Material provided:
▼▼▼

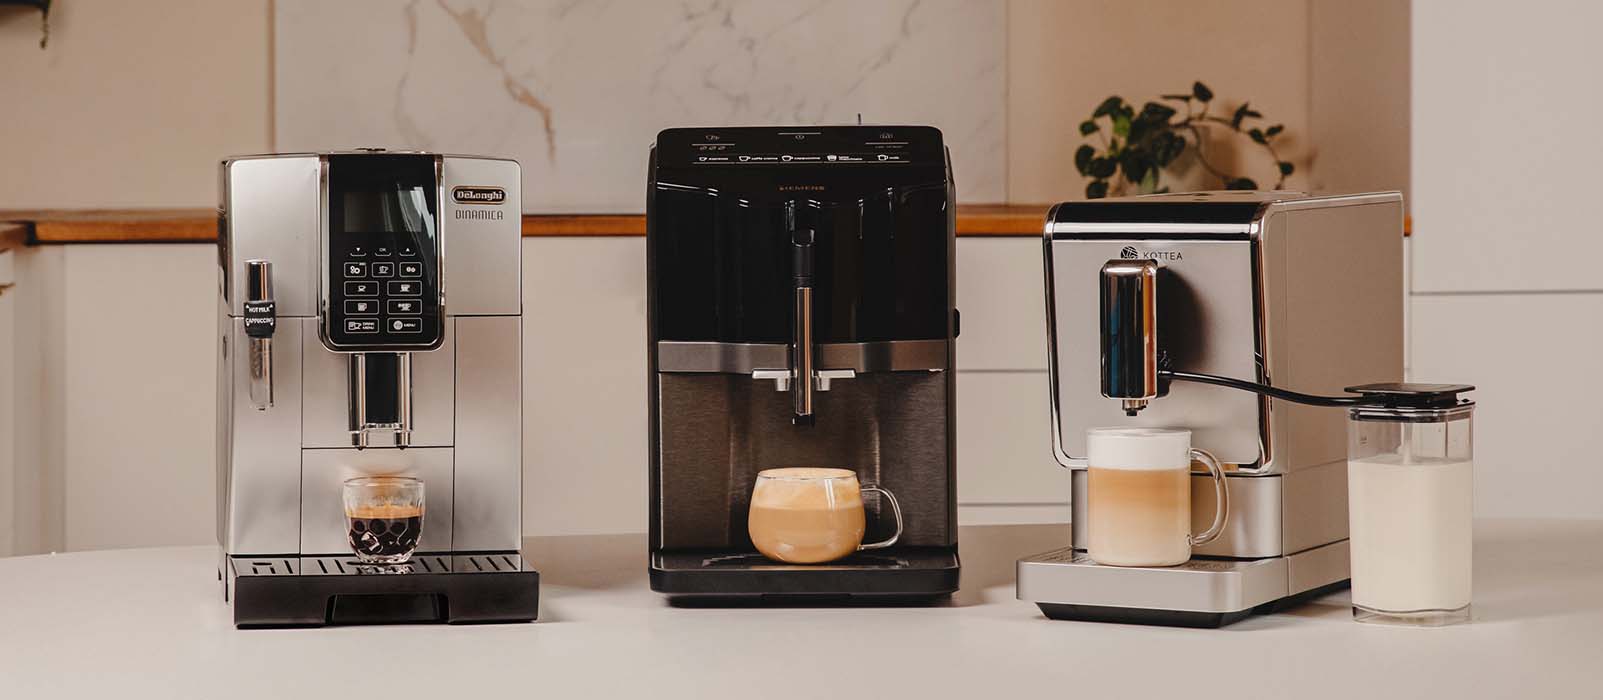 Top 10 des meilleures machines à café automatiques 2019 - Blog sur le café,  histoires, recettes
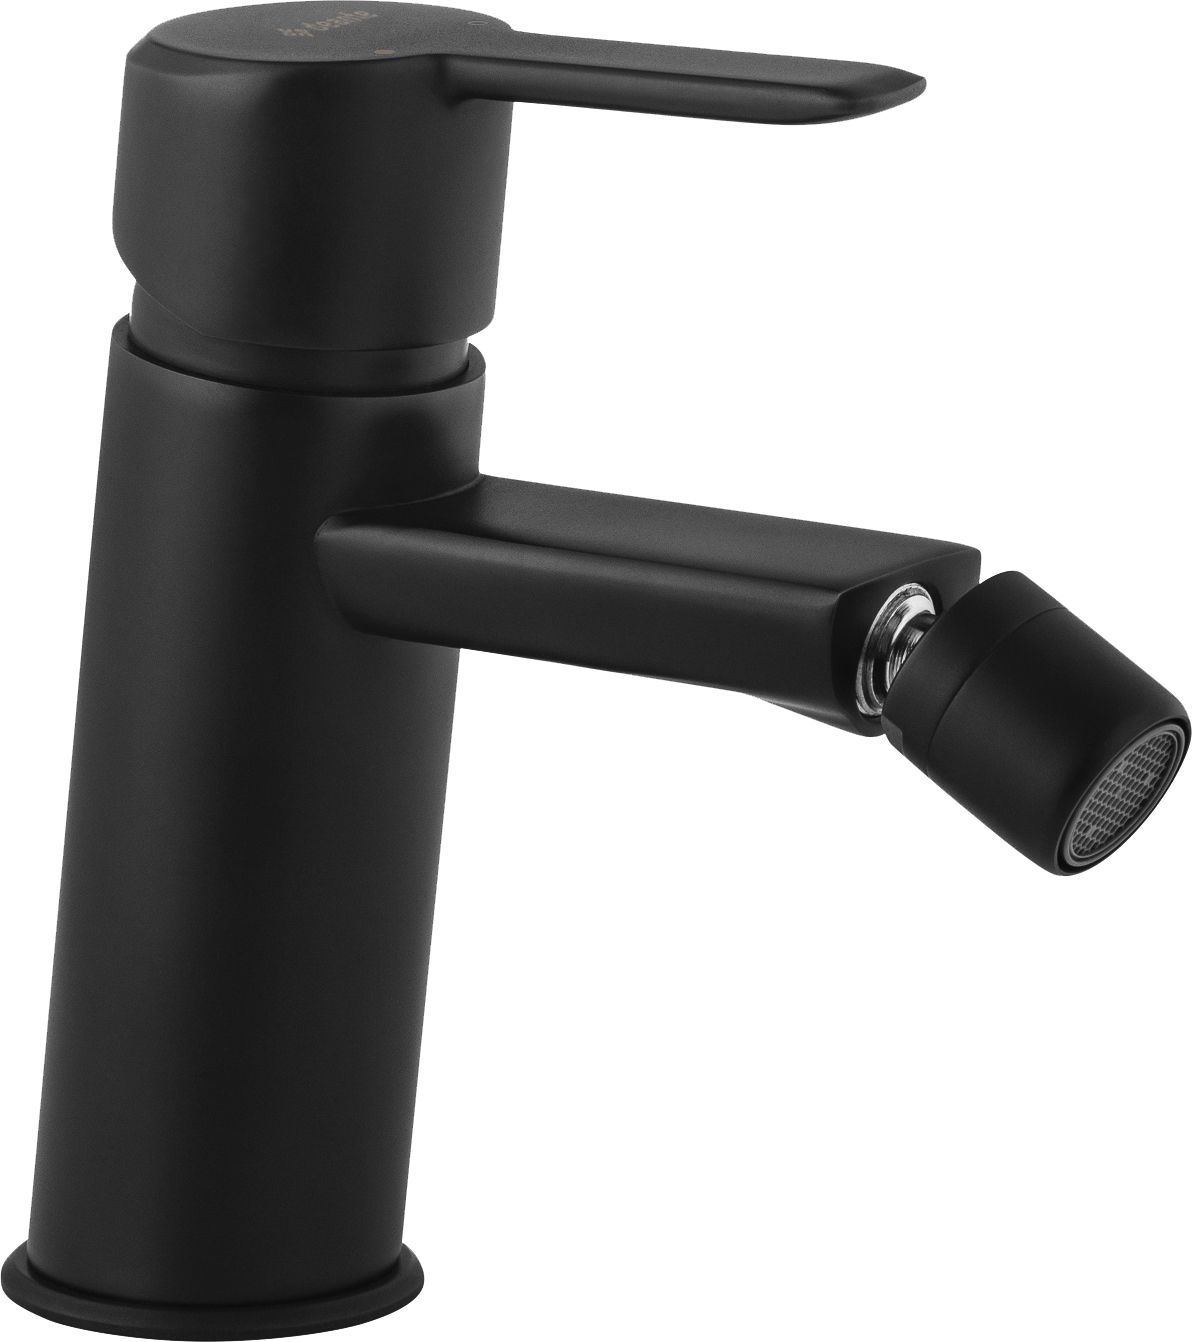 Bidet tap - BQA_N30M - Główne zdjęcie produktowe
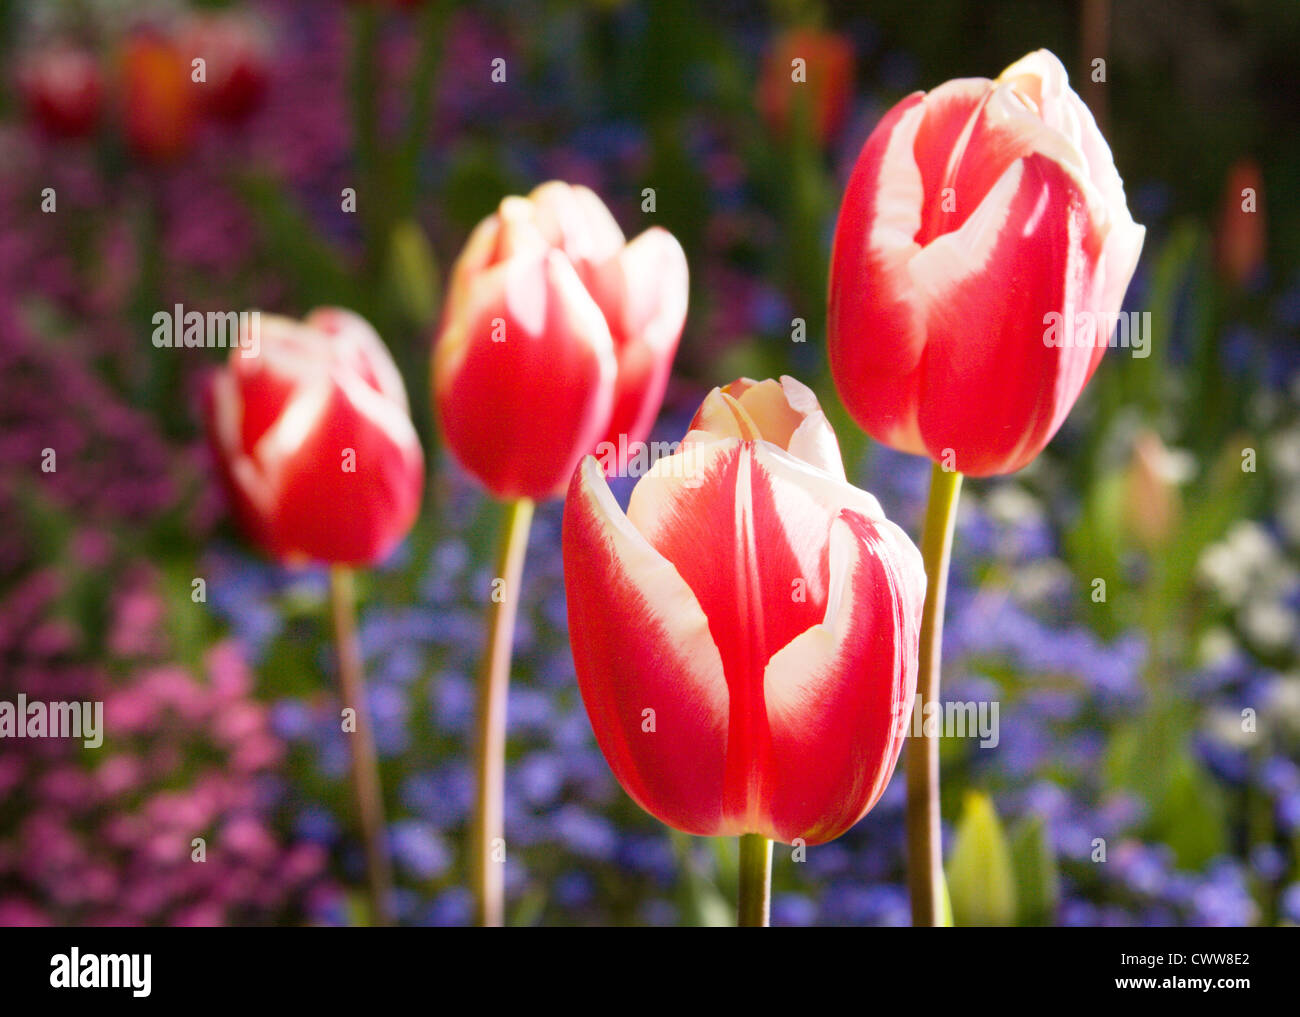 Schöne bunte rote und weiße Tulpen in Nahaufnahme, mit blauen Blüten im Hintergrund Stockfoto

▲▲▲

Exercise objective: Every line above should be returned exactly; the pictures stay out.

Exercise result:
 Top 10 des meilleures machines à café automatiques 2019 - Blog sur le café,  histoires, recettes
 Bidet tap - BQA_N30M - Główne zdjęcie produktowe
 Schöne bunte rote und weiße Tulpen in Nahaufnahme, mit blauen Blüten im Hintergrund Stockfoto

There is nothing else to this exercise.